But the excel suggestion was still a great one. It got me thinking of record keeping. *See the brainstorming begin below* LOL 

Thanks!


----------



## Tabitha (Jun 7, 2009)

I have my shop set up so it is $3.00 for the 1st bar & $1.00 for every bar after that with the following notes:

►MAX SHIPPING: Never pay over $10.00 for US shipping (wholesale excluded).

►SHIPPING REFUNDS: Excessive shipping overages will be refunded when your product ships.

I saw lots of messages like these at ETSY:

Ship up to 8 bars of soap for $5 US, $11 Canada, $13 for Worldwide. Excess shipping charges will be refunded when your items ships.

To keep our shipping low, we ship 3 to 8 bars in a Flat Rate Envelope:
$5.00 US,  $10.00 Canada & Mexico,  $12.00 Everywhere Else

SAVE ON SHIPPING: Mix and match your soaps!
Just pay  $5 for flat rate to ship 5 - 8 soaps in the USA, $10 to Canada and Mexico. Excessive overages will be refunded at time of shipping.
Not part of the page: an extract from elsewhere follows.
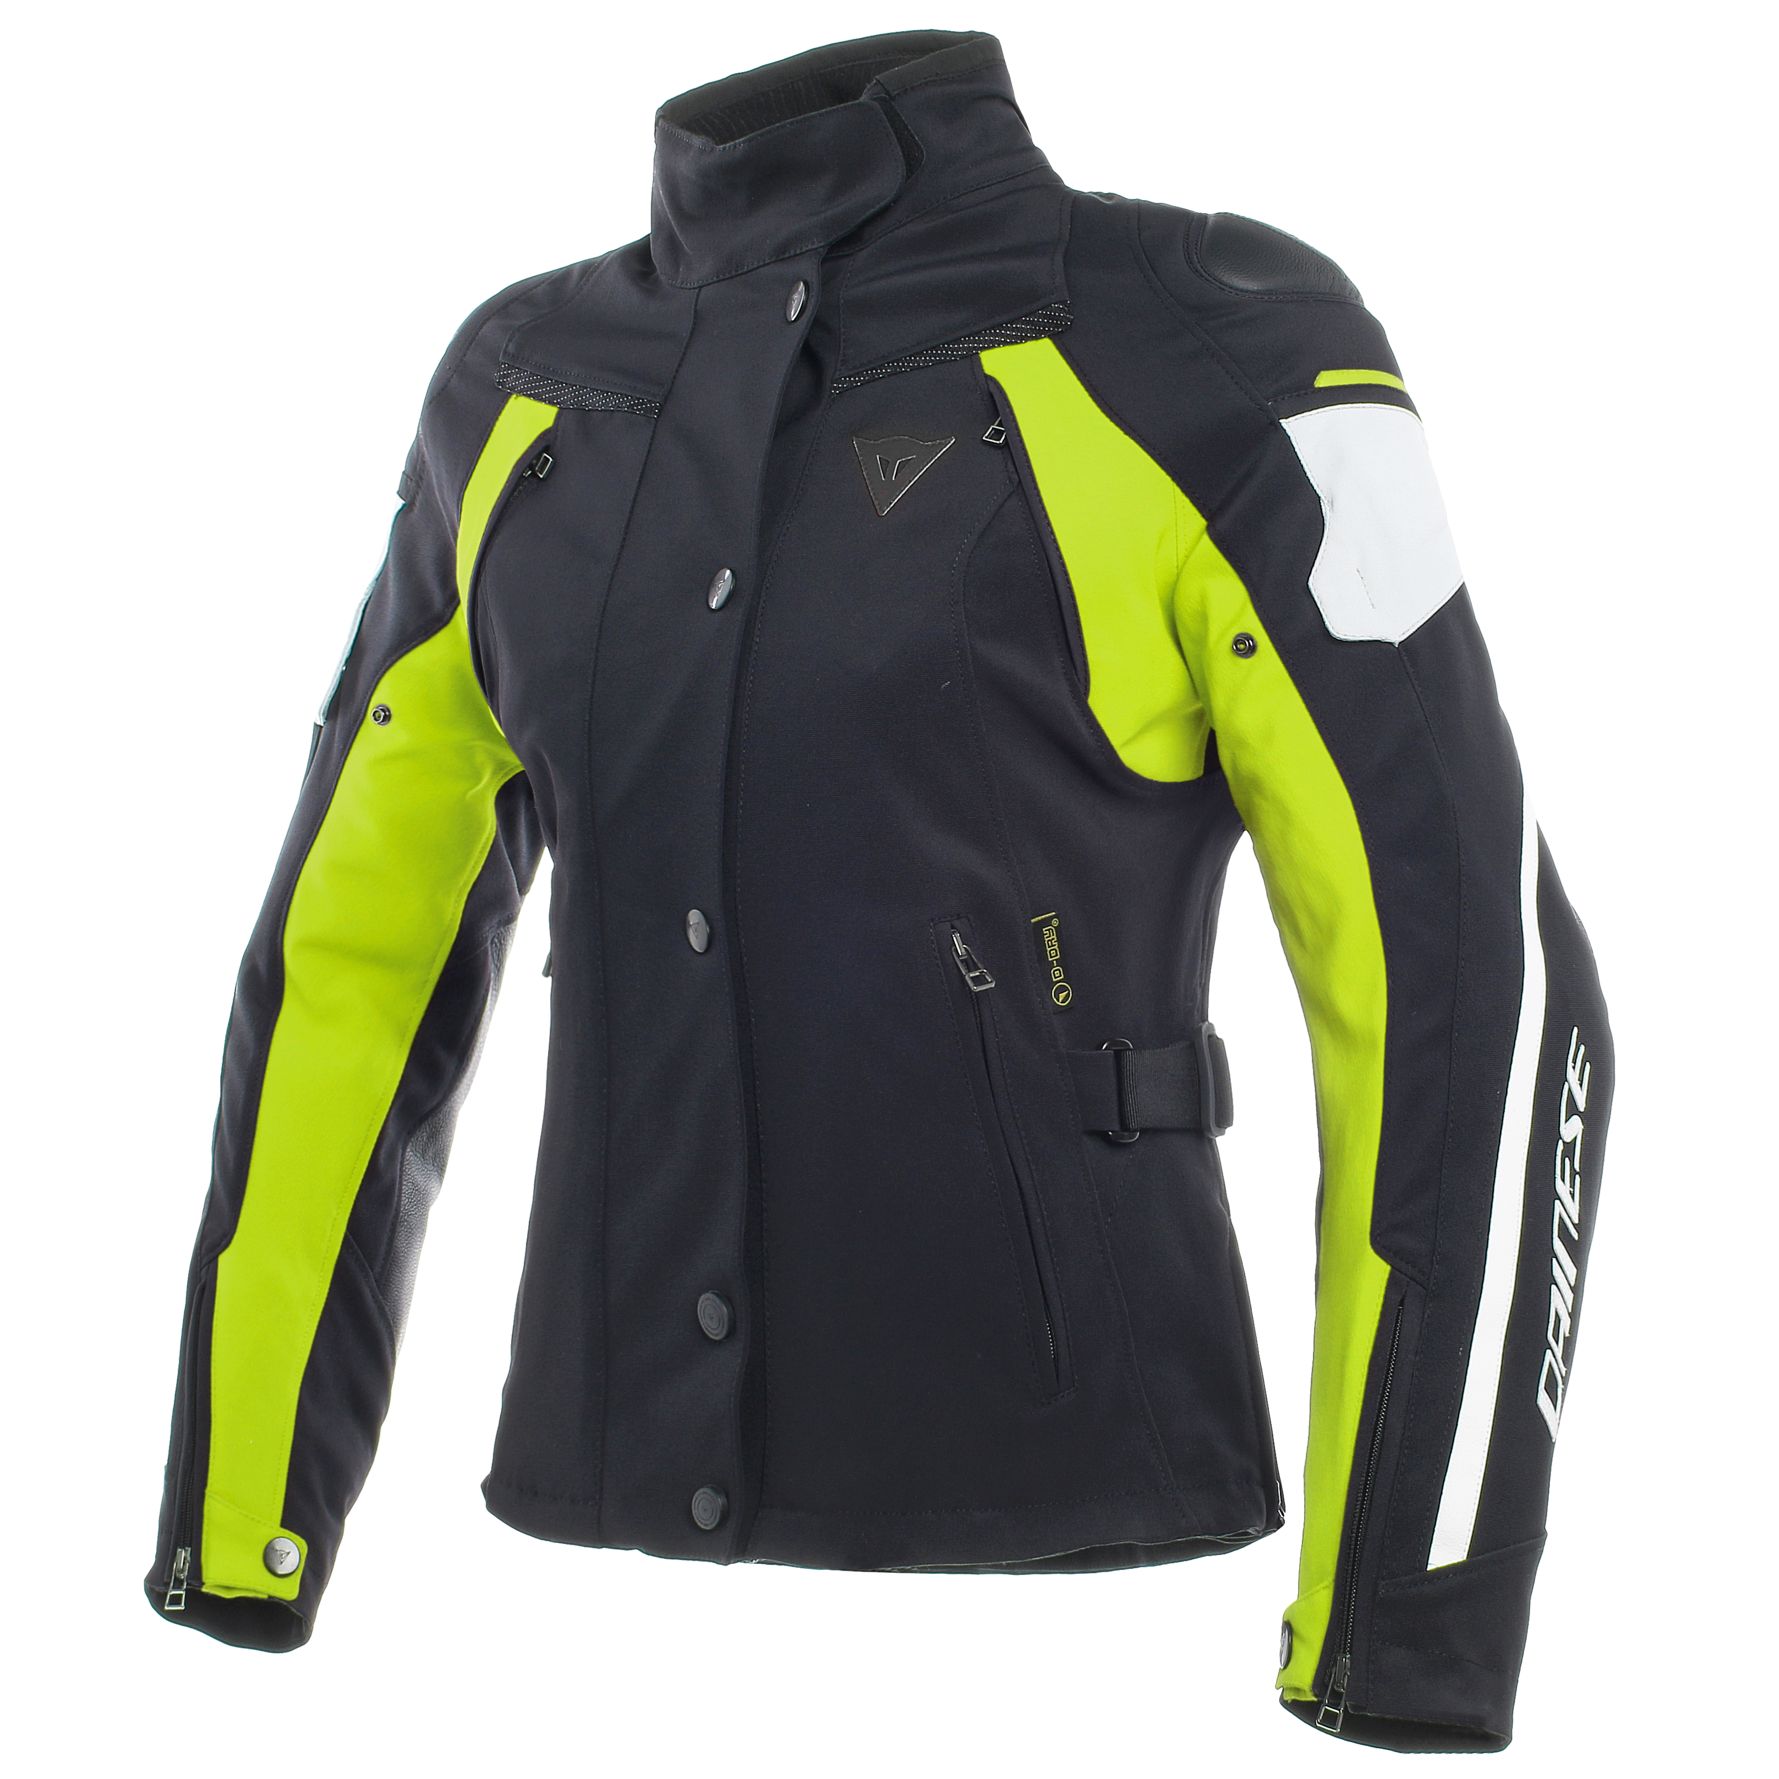 Куртка Dainese Air Master Lady Tex Jacket Black/Glacier-Gray/Fluo. Dainese Axial Yellow Fluo. Leatt 4.0 Hydradry куртка. Куртка Dainese Indomita d-Dry XT. Rain master

I like the word "excessive". That way you can decide case by case if you want to refund & not be locked into and exact penny amount.


----------



## busymammaof3 (Jun 9, 2009)

Tabitha said:
			
		

> I have my shop set up so it is $3.00 for the 1st bar & $1.00 for every bar after that with the following notes:
> 
> ►MAX SHIPPING: Never pay over $10.00 for US shipping (wholesale excluded).
> 
> ...



Great information! Thanks so much, Tabitha for being so helpful!


----------